Question

A specimen of aluminum having a rectangular cross section 9.6 mm × 12.9 mm (0.3780 in. × 0.5079 in.) is pulled in tension with 35600 N (8003 lbf) force, producing only elastic deformation. The elastic modulus for aluminum is 69 GPa (or 10 × 106 psi).

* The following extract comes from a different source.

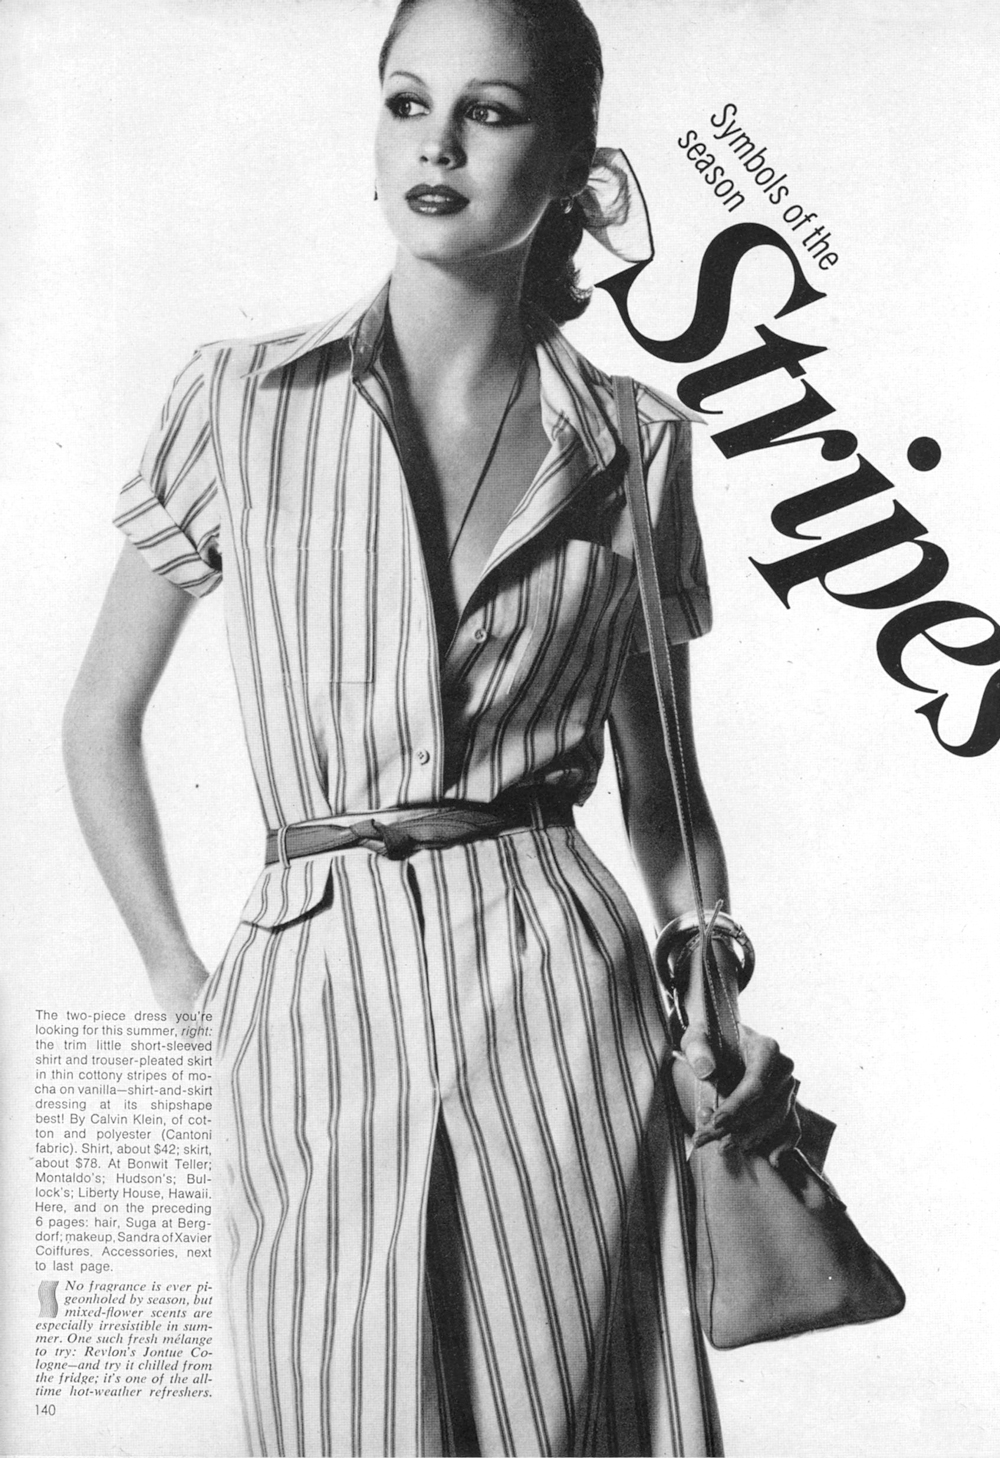 Calvin Klein shirt & skirt / shirtdress design from 1976 / via fashioned by love british fashion blog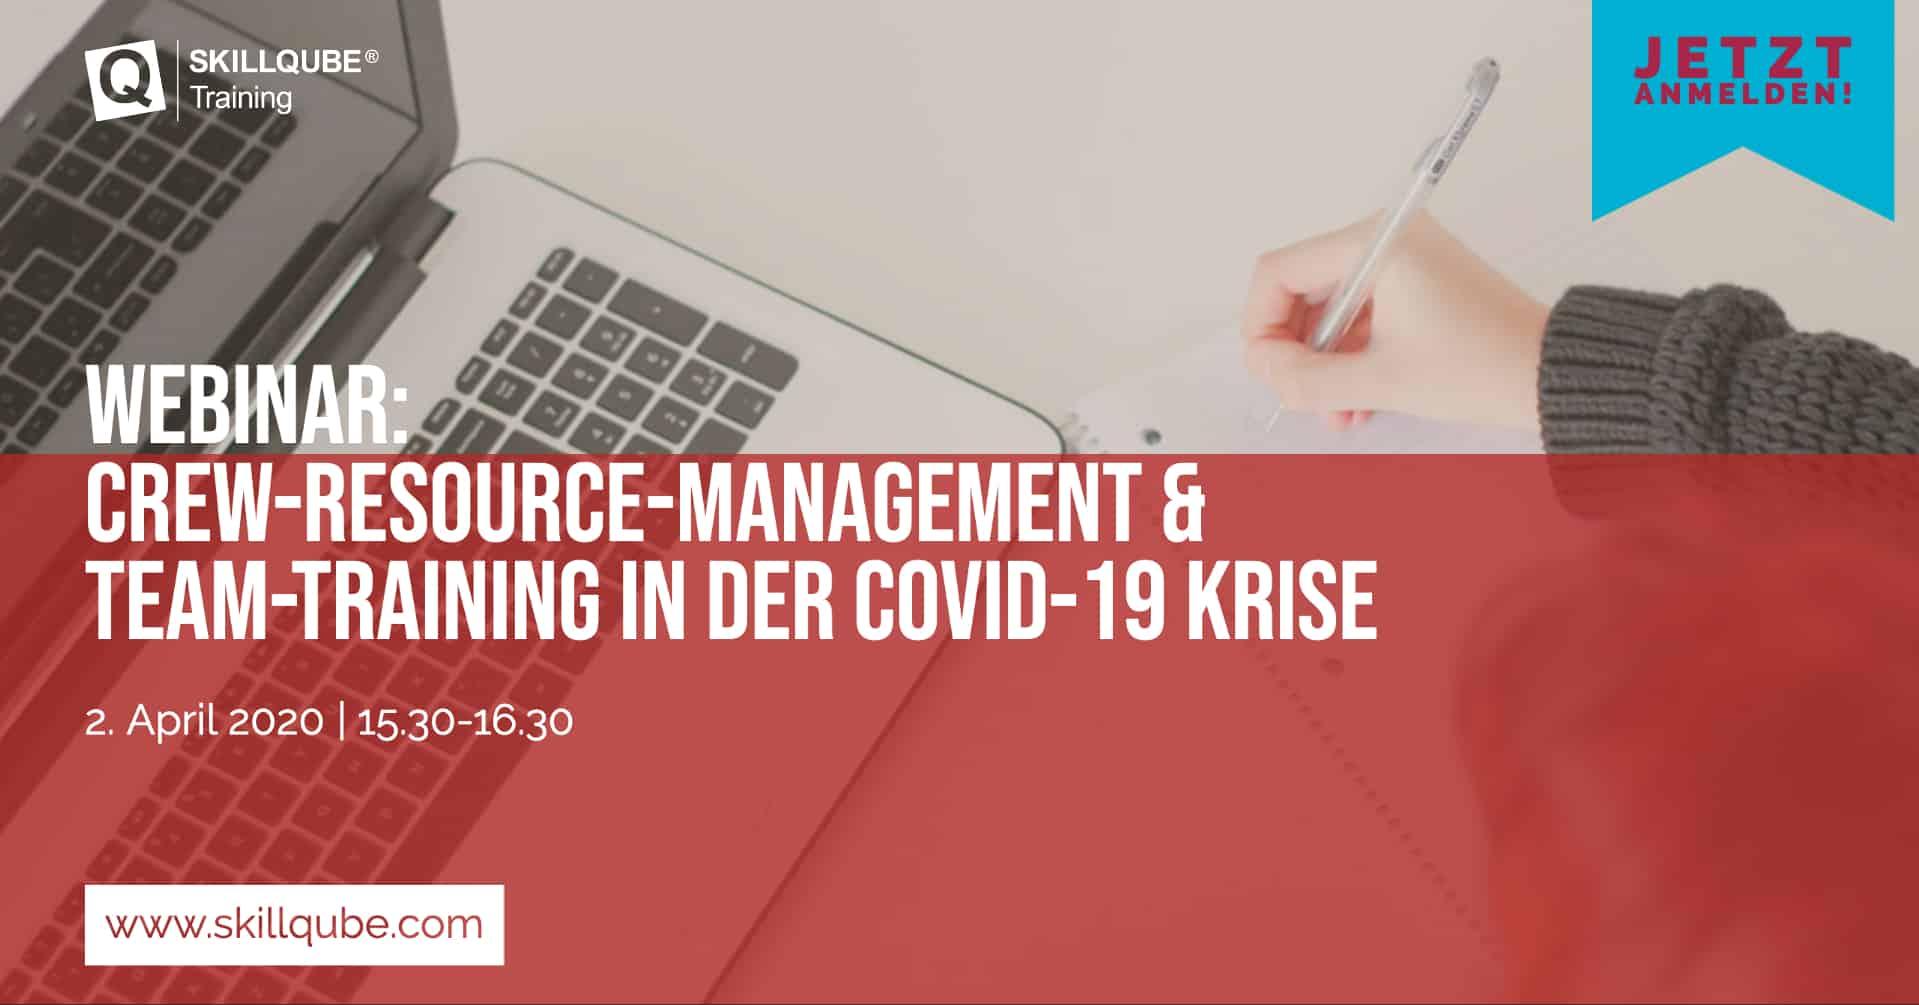 Skillqube bietet Webinar zum Thema CRM & Team-Training in der COVID-19 Krise

Calculate the resulting strain.

Answer 1

Answer:

$\epsilon=4.16\times 10^{-3}$

Explanation:

It is given that,

Dimension of specimen of aluminium, 9.6 mm × 12.9 mm

Area of cross section of aluminium specimen, $A=9.6\times 12.9=123.84\times 10^{-6}\ mm^2$

$A=123.84\times 10^{-6}\ m^2$

Tension acting on object, T = 35600 N

The elastic modulus for aluminum is, $E=69\ GPa=69\times 10^9\ Pa$

The stress acting on material is proportional to the strain. Its formula is given by :

$\epsilon=\dfrac{\sigma}{E}$

$\sigma$ is the stress

$\epsilon=\dfrac{F}{EA}$

$\epsilon=\dfrac{35600}{69\times 10^9\times 123.84\times 10^{-6}}$

$\epsilon=4.16\times 10^{-3}$

Hence, this is the required solution.